TASK DESCRIPTION.
With the exception of the pictures, transcribe the entire listing exactly.

DATA BLOCK.
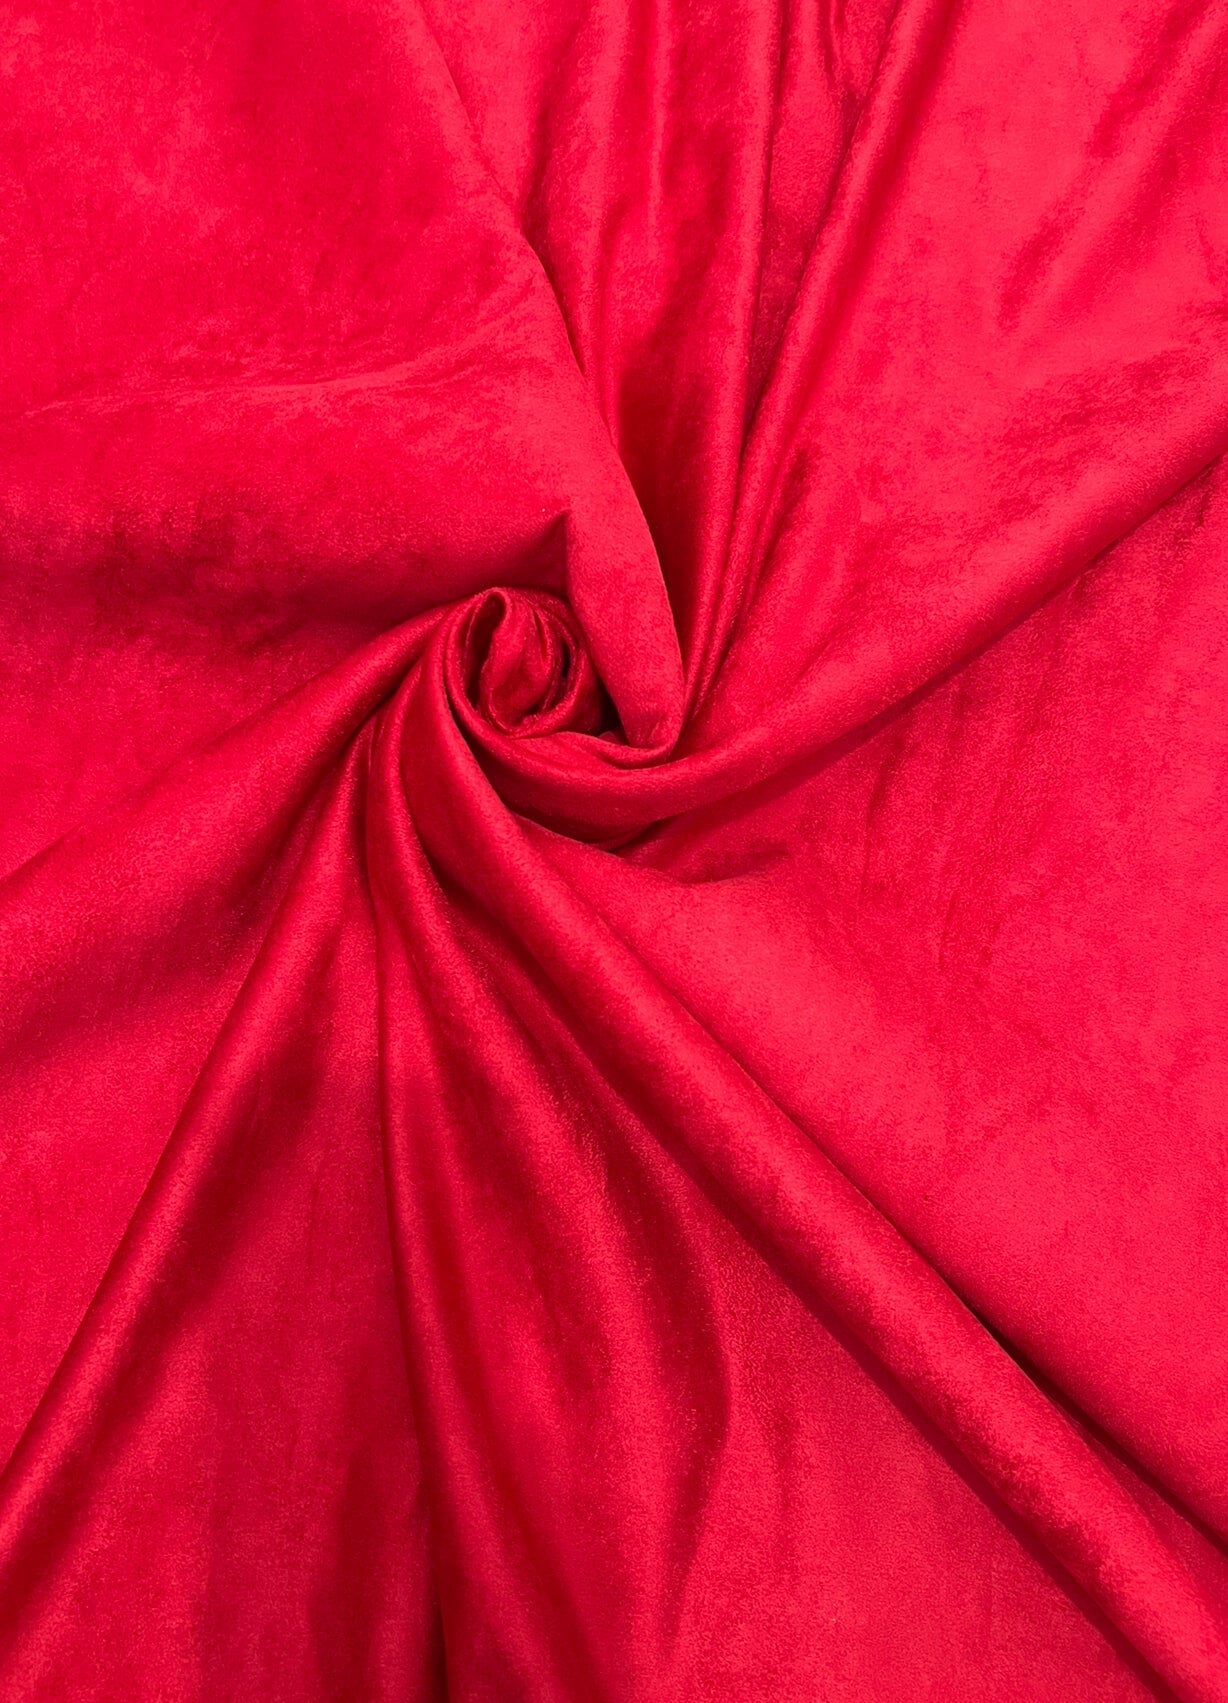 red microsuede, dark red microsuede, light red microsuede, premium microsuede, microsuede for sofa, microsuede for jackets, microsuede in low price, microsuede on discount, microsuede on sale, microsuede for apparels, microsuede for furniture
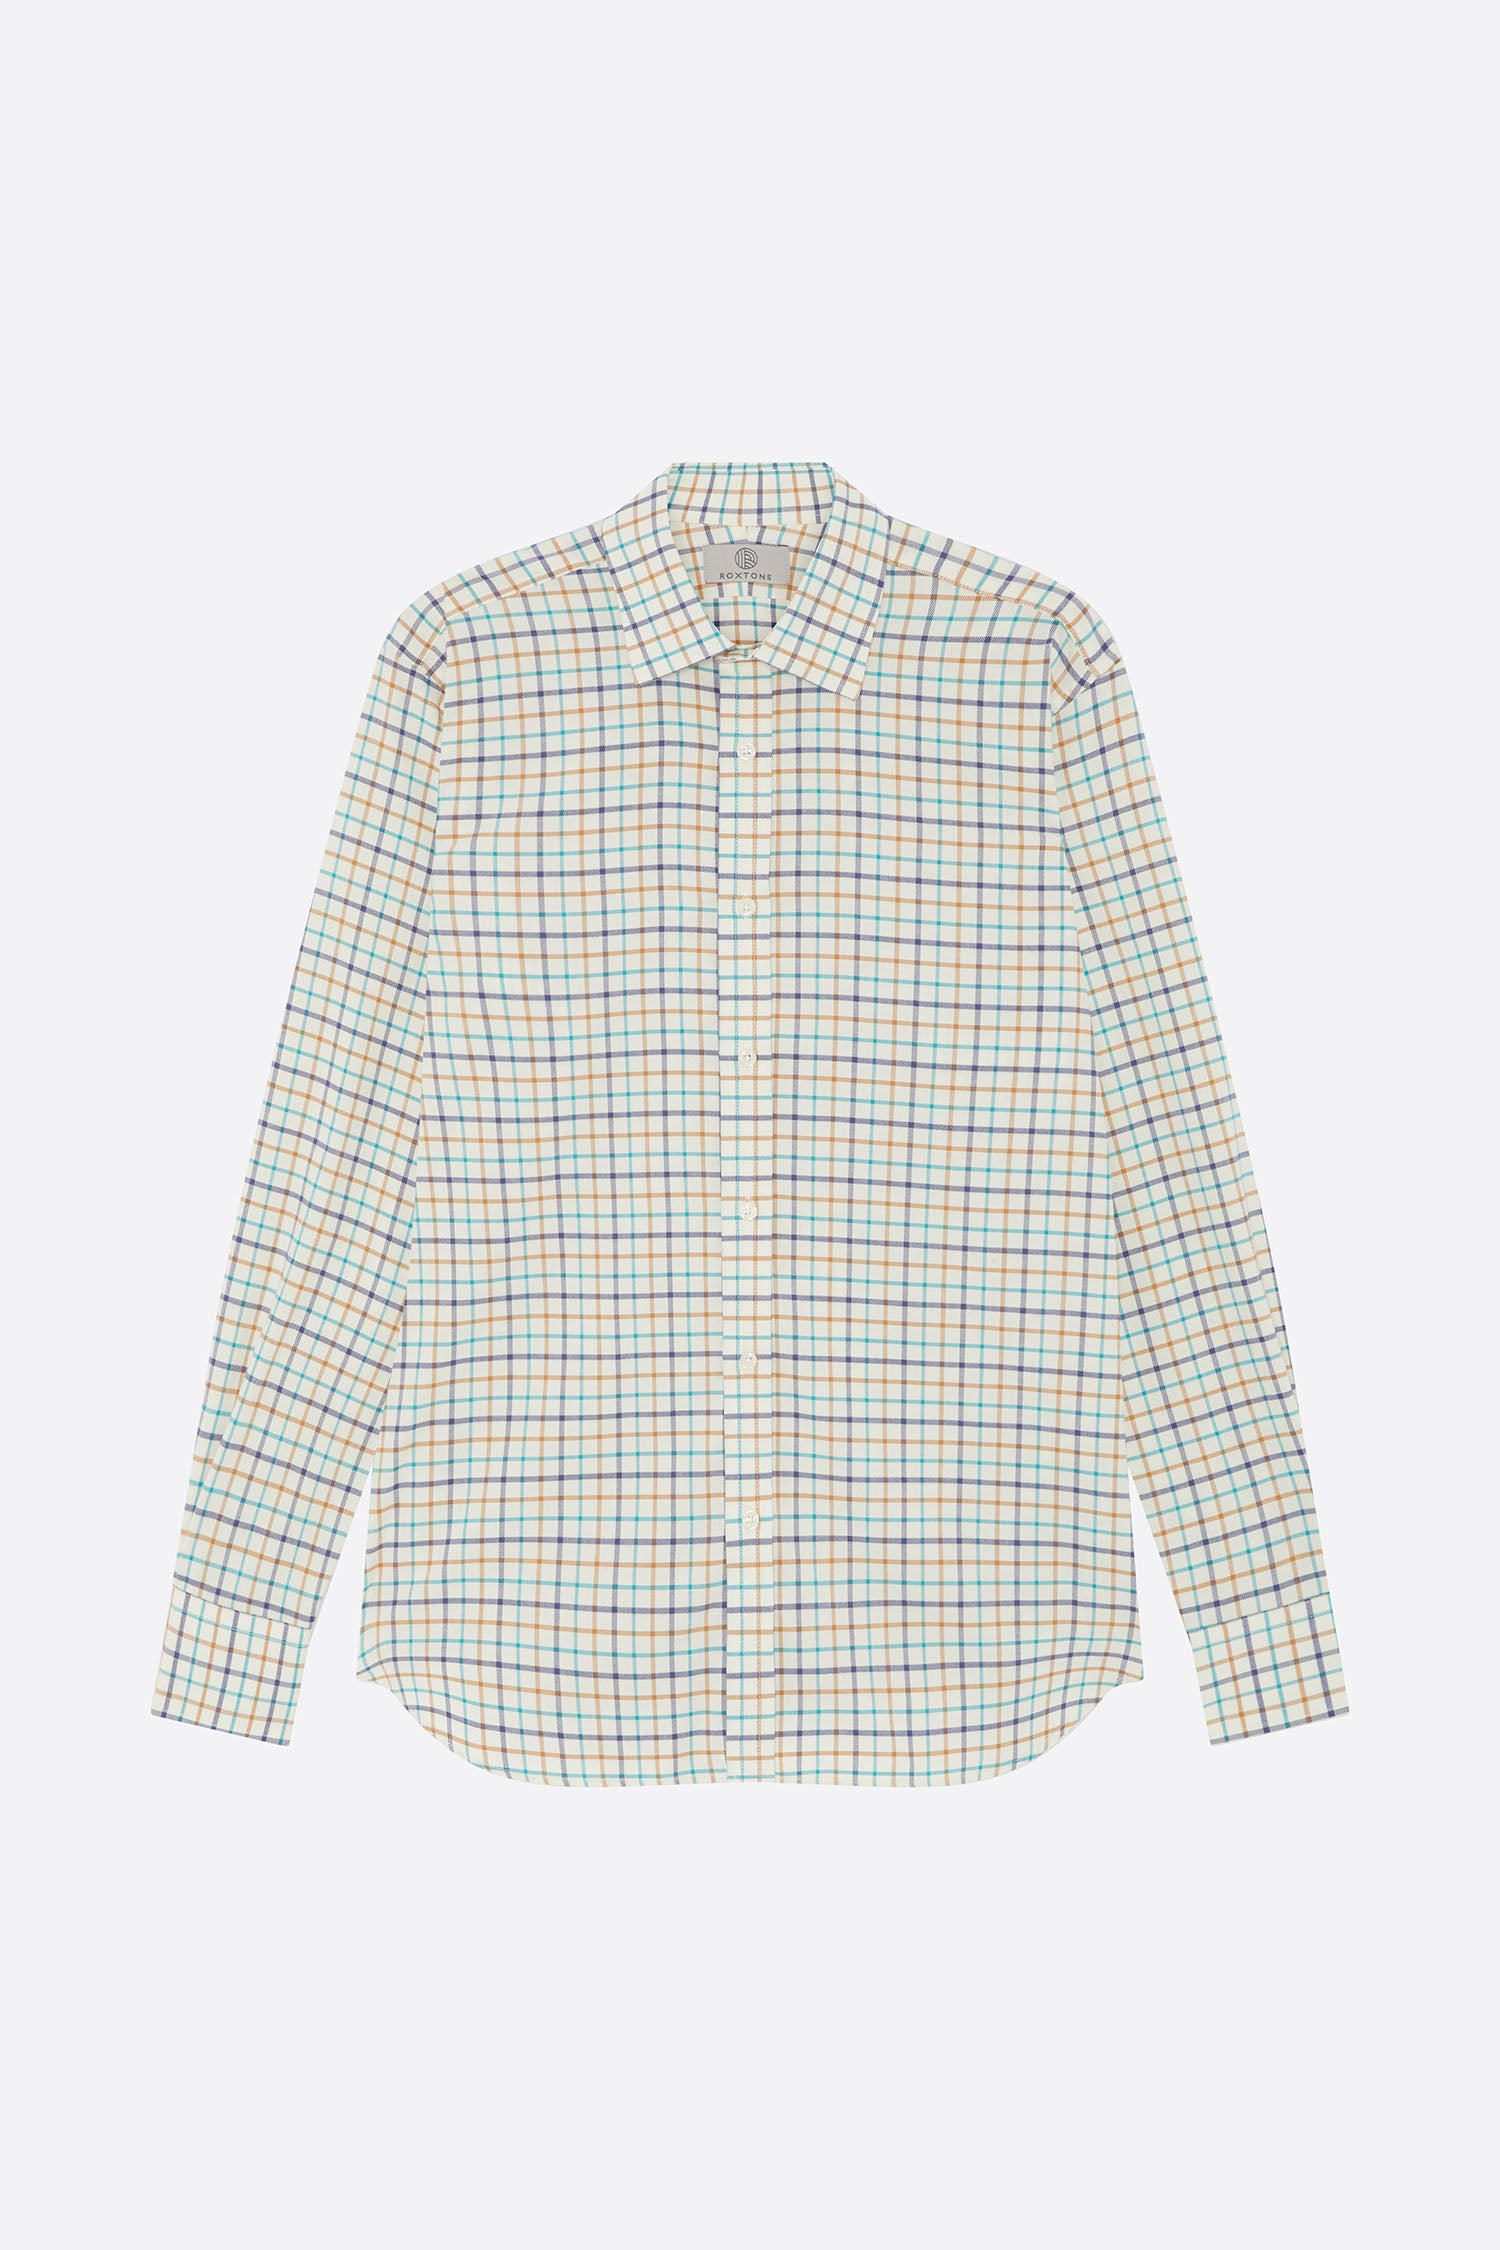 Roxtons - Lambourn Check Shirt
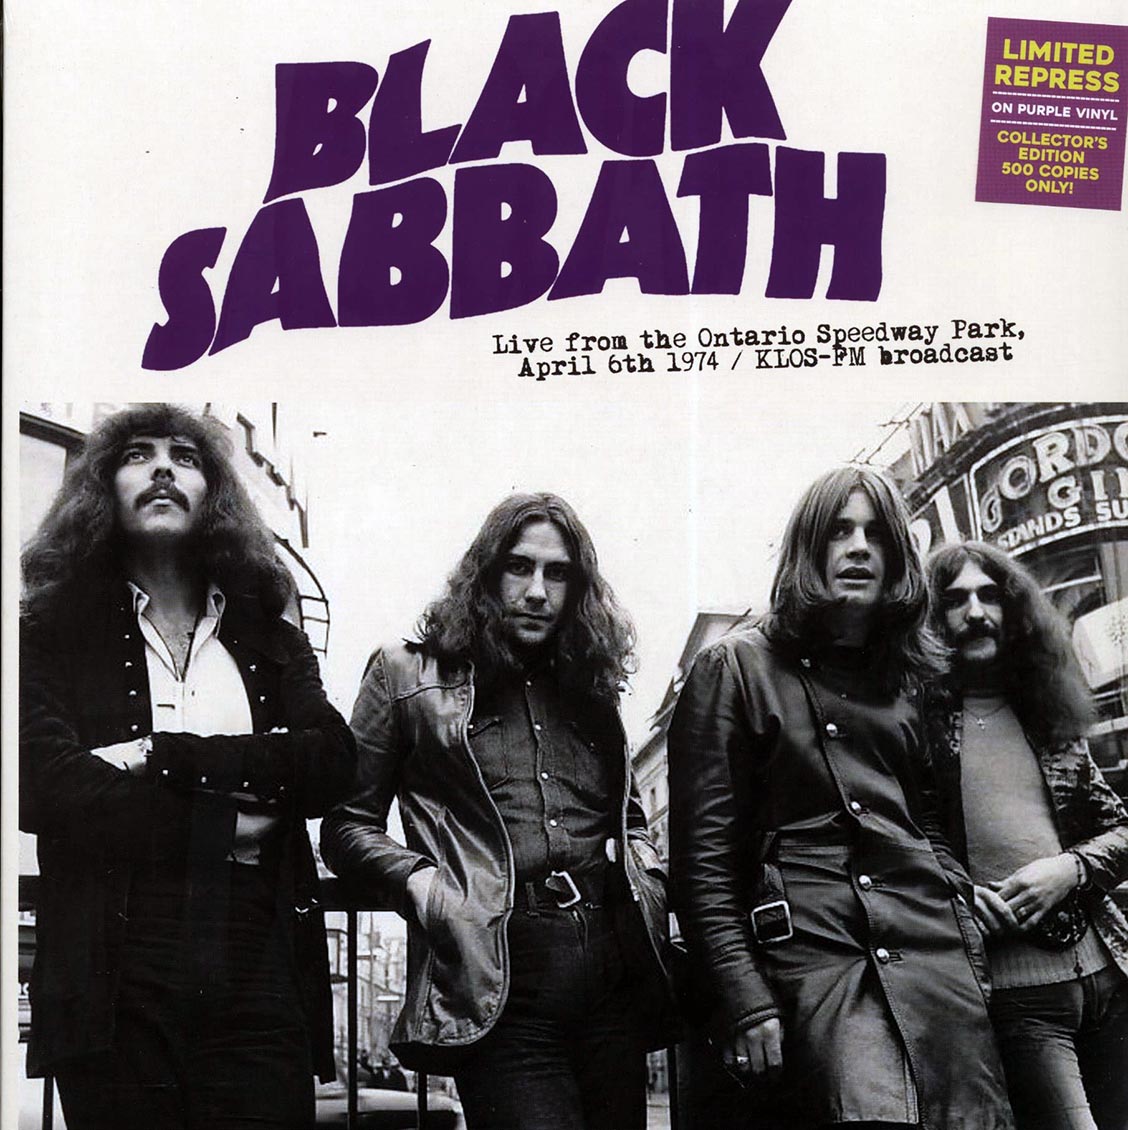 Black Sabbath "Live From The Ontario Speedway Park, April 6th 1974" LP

OUTPUT OF THE TASK.
 red microsuede, dark red microsuede, light red microsuede, premium microsuede, microsuede for sofa, microsuede for jackets, microsuede in low price, microsuede on discount, microsuede on sale, microsuede for apparels, microsuede for furniture
 Roxtons - Lambourn Check Shirt
 Black Sabbath "Live From The Ontario Speedway Park, April 6th 1974" LP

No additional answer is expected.